TCS Daily

Don't Harmonize, Liberalize

By Marian Tupy - June 16, 2006 12:00 AM

Estonia is a poster child for the success of economic transformation in post-communist Europe. Liberalizing measures undertaken by successive Estonian governments have given the country high growth rate and brought the Estonian standard of living closer to that in the West. But globalization makes the benefits of economic integration available to all countries that are willing to embrace liberal economic reforms. As more of them choose to do so, Estonians need to recognize that economic liberalization is an ongoing process. They'll need to address those aspects of their economic organization that compromise the competitiveness of Estonian firms. They'll also need to think about their future in the European Union, for the benefits of the EU membership are fast diminishing.

According to the Economic Freedom of the World: 2005 Annual Report, which is published by the Fraser Institute in Canada, Estonia ranked as the ninth economically freest country in the world. It also ranked as the freest country in the former communist bloc. The rating of Estonia, which is measured on a scale from 0 to 10, where 10 represents the highest measured level of freedom and 0 represents the lowest measured level of freedom, has also been improving. While Estonia's rating was only 7.1 in 2000, by 2003 it rose to 7.8.

But improvement in the individual components of Estonia's economic freedom has been uneven. Government consumption as a percentage of GDP remains high, giving Estonia a mere 4.4 out of 10. The combined measure of the top marginal income and payroll tax rate has actually worsened from 4.0 in 2000 to 3.0 in 2003. At 6.5, the impartiality of the legal system needs improvement as does the protection of intellectual property (6.2). Worryingly, administrative obstacles to the creation of new businesses have worsened from 7.6 in 2000 to 5.5 in 2003. There is no time for complacency.

Moreover, it would be a huge mistake to think that EU membership guarantees Estonia's future prosperity. In fact, the EU could have a deleterious effect on Estonia's growth. To be sure, the ideas behind the creation of the European common market were very sound. Trade protectionism that followed World War I worsened the world-wide economic recession and contributed to the rise of authoritarian regimes. It was, therefore, highly desirable to return to the pre-war days of free commerce, and to eliminate barriers to the movement of people, goods, services and capital. As such, the signing of the Treaty of Rome in 1957 and the establishment of the European Economic Community were steps in the right direction.

Unfortunately, the benefits of the EEC were partly offset by its costs. The creation of the Common Agricultural Policy, for example, was staggeringly costly in terms of money and economic efficiency. Moreover, over the succeeding years, the costs of the EU membership began to rise. The initial "liberalizing" phase of European integration, which focused on the removal of barriers to cross-border trade, gave way to centralization, regulation and harmonization. Harmonization of rules and regulations throughout the EU should be of particular concern to Estonia. For example, lobbying by special interest groups in Western Europe can result in harmonization of production standards at Western levels, thus increasing production costs in Estonia.
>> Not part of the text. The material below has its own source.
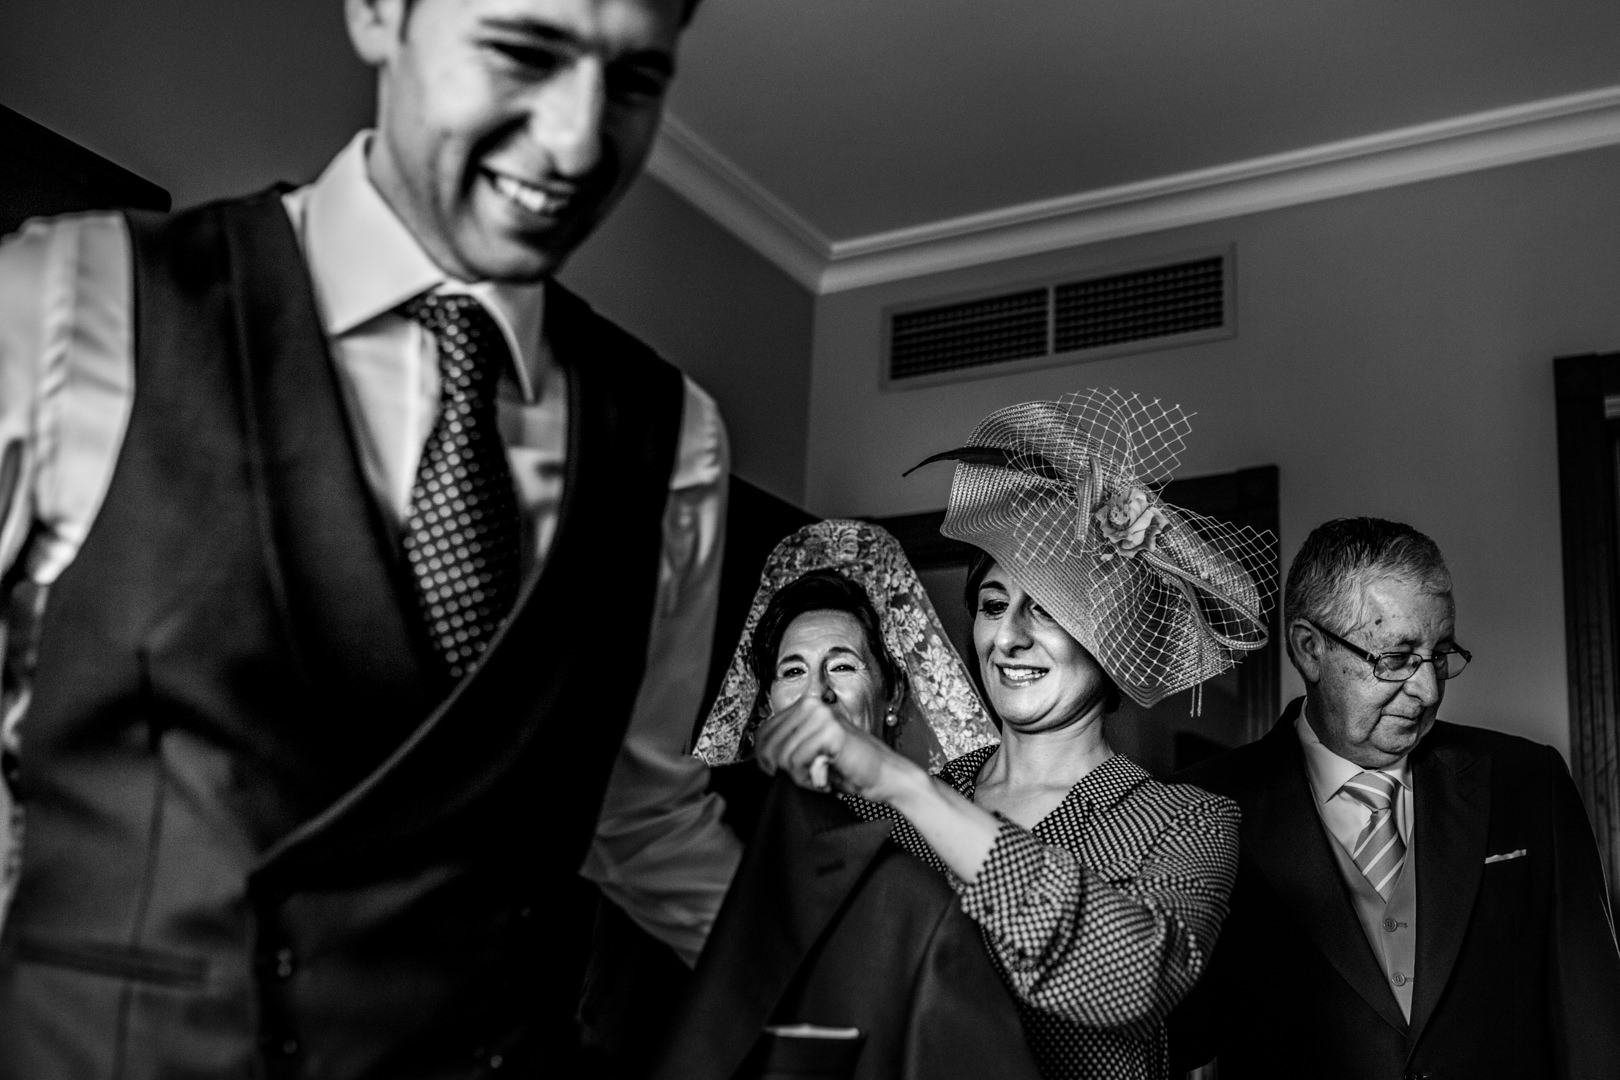 Boda-Catedral-Jaen-Hamburgo-Maria-David-engagement-Rafael-Torres-fotografo-bodas-sevilla-madrid-barcelona-wedding-photographer--8.jpg

Similarly, Estonians should be aware of the limits of free trade in the EU. The process of economic liberalization has been uneven. Though the trade in goods is largely free, the movement of labor and capital remains restricted. The same goes for the free movement of services. Today, 70 percent of the EU's GDP is generated by the service industry. Yet, European countries cannot agree on full liberalization. For example, the so-called "country of origin" principle, which would have made it easier for companies in the new member states, including Estonia, to outcompete their Western rivals and benefit consumers by driving down prices, was left out of the recently agreed services directive.

In a recent speech, President Vaclav Klaus of the Czech Republic argued that economic liberalization functions according to the law of diminishing returns. As such, decades old liberalization of the movement of goods and partial freeing of the capital and labor markets can no longer provide satisfactory stimulus to the EU economy. The numbers seem to support his view. The average annual economic growth in the EU was 4.9 percent in the 1960s, 3 percent in the 1970s, 2.4 percent in the 1980s, 1.9 percent in the 1990s and 0.9 percent between 2000 and 2005. If Klaus is right, then Estonia, which has entered the EU in its "harmonizing" phase, will be increasingly subjected to the rising costs and diminishing benefits of the EU membership.
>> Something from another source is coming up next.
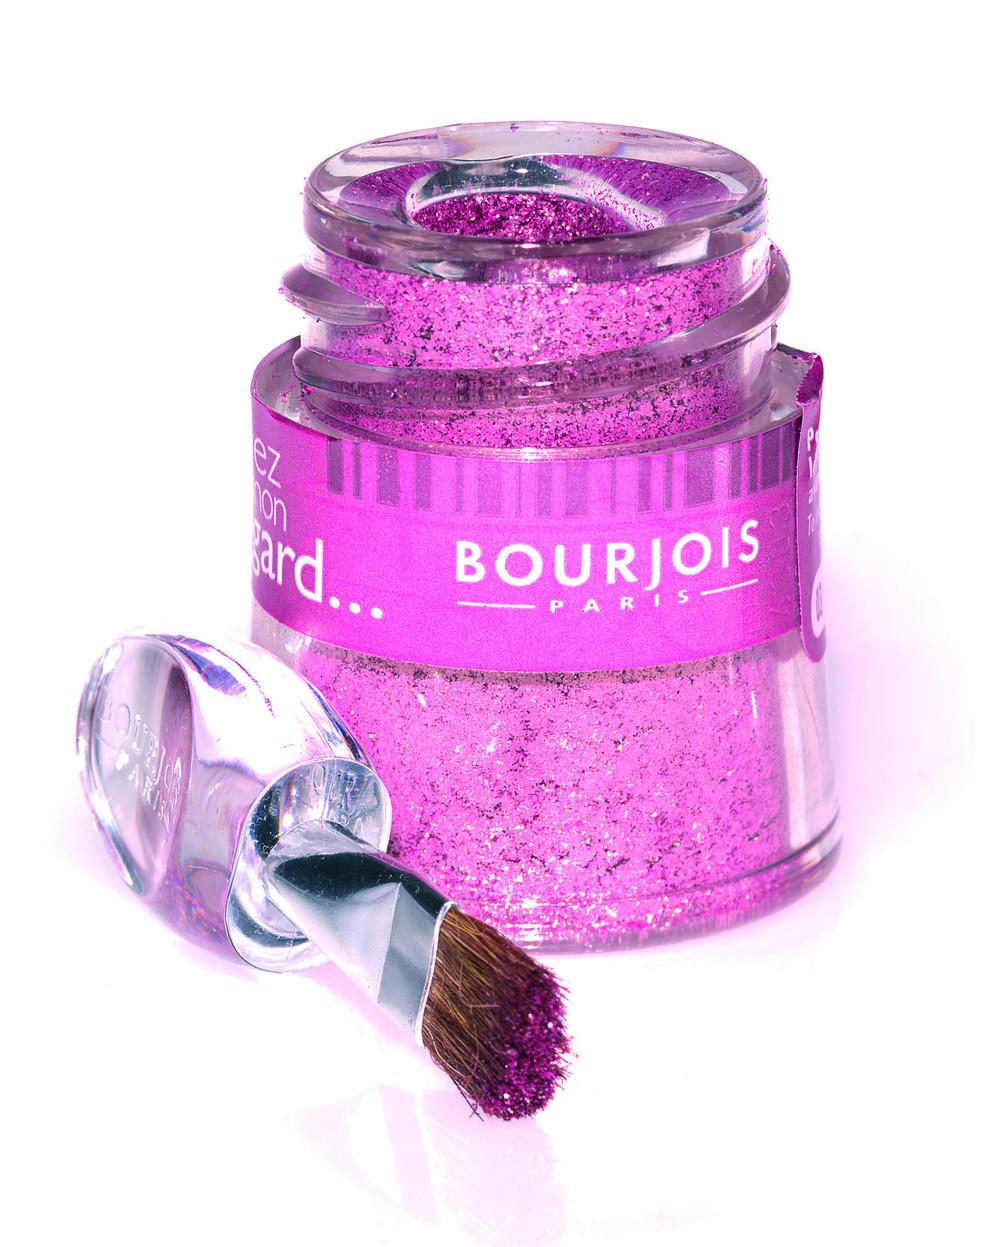 bourjois pot_b smaller size.jpg

The above arguments do not necessarily mean that Estonia has to withdraw from the EU at the earliest convenience. Clearly, other factors, including increased sense of security from undue Russian influence that emanates from Estonia's closer association with the rest of Europe, are of considerable importance. But, a sense of realism about the EU and recognition of its shortcomings are important as well. The Estonian government should make a supreme effort to work with other reformist member states who are trying to move the EU away from "harmonization" and bring it closer to the original "liberalizing" phase. There are those, who believe that such drive is doomed to encounter insuperable obstacles in some Western European countries, including, most prominently, France. But, Estonians ought to give it a try.

Marian L. Tupy is assistant director of the Project on Global Economic Liberty at the Cato Institute.